智 いえ、曲自体はもっと前からあったものが多いですね。結局は僕がテーマに沿った歌詞を書くことで、アルバムとして完成に近付くと思っていて。そこは任せてもらって、楽曲や音に関しては、今はメンバーそれぞれがやりたいこと、自信のあるものを形にしていくタイミングなのかなと思っていました。もちろんみんなで曲を選んで、ブラッシュアップしていきましたが。
──vistlipはYuhさん、Tohyaさん、瑠伊さん、海さんが作曲を担当しています。今回のアルバムのタイミングでは、どんなモードで制作に臨んだんでしょうか?
Tohya(Dr) これまでは智から「こういう感じで作ってほしい」という提案があることが多かったんですけど、今回は明確な要望がなくて。ひさびさに自由に作った気がしますね。
智 「ひさびさに」って言うな(笑)。
Tohya (笑)。自分としては「こういう曲が欲しい」と言われたほうが作りやすかったりするんですが。初期の頃は何も考えずに自由に作ってたけど、途中からは自分がやりたいことというより、バンドの方向性に合ったものほうが曲が生きるのかなと思うようになって。本当に自由に作ると「これ、vistlipじゃないよね」みたいな曲も作ってしまうんですよ。だけど今回は最新の自分と過去の自分のバランスが取れた曲が残りましたね。

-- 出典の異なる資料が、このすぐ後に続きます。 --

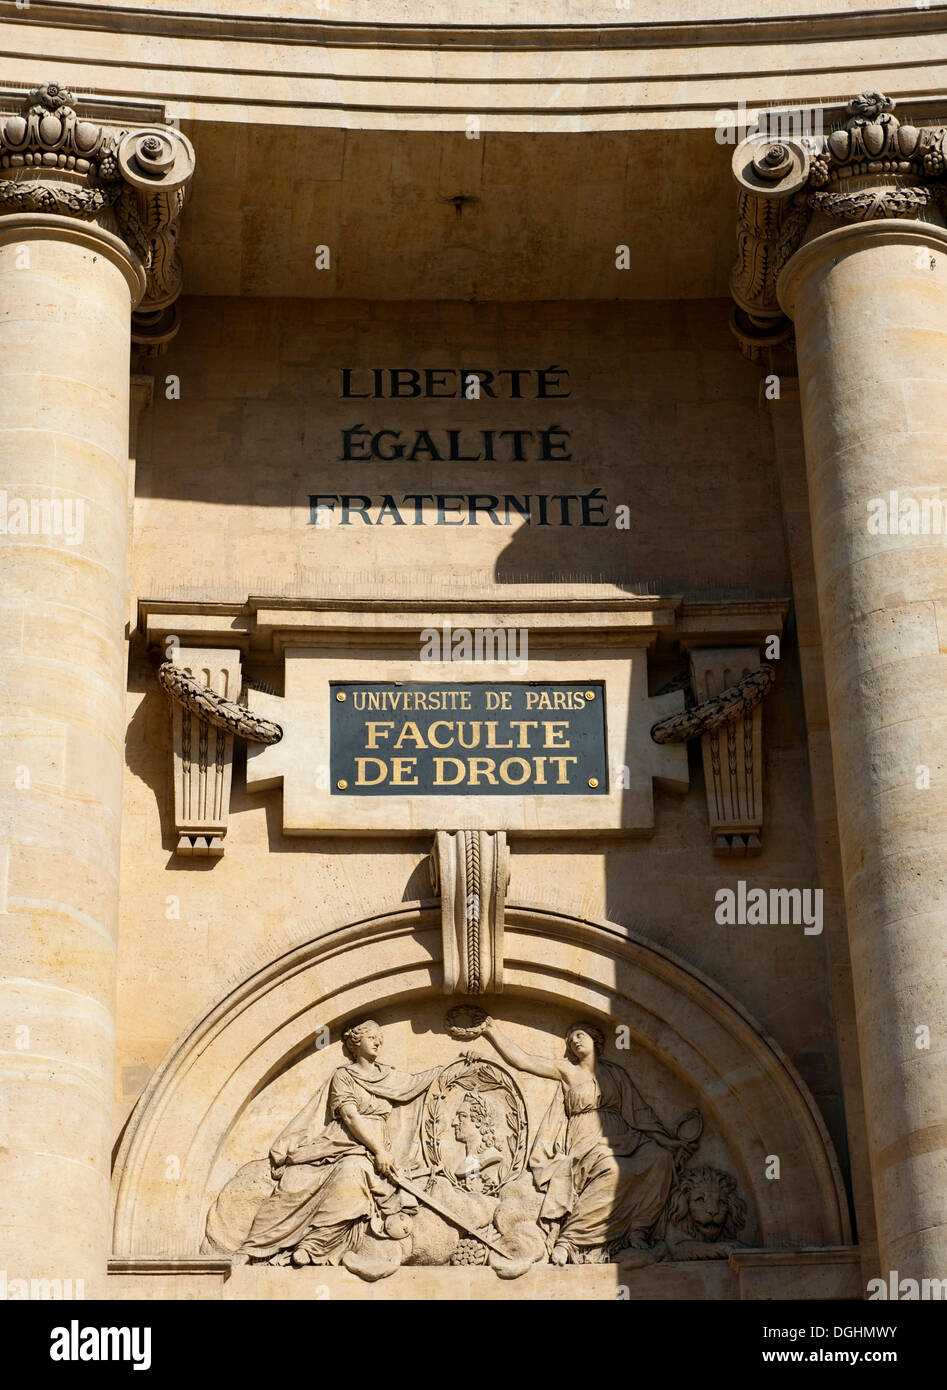 University of Paris, Faculty of Law, Place du Panthéon, inscription Liberté, Egalité, Fraternité, freedom, equality Stock Photo

──Tohyaさんが作曲した楽曲の中で、アルバムの軸になった曲は?
Tohya 軸というか、自分が書いた「Mary Celeste」が1曲目のインスト「Port Dorothy(Instrumental)」のあとにくるのは想定してなかったんですよ。でも、全部できあがってから「テーマにも合っているし、スタートにふさわしい曲だな」と思いました。
──「Mary Celeste」は華やかさもありますからね。曲の終盤ですさまじいシャウトがいきなり聞こえてきますが、あれはいったい……?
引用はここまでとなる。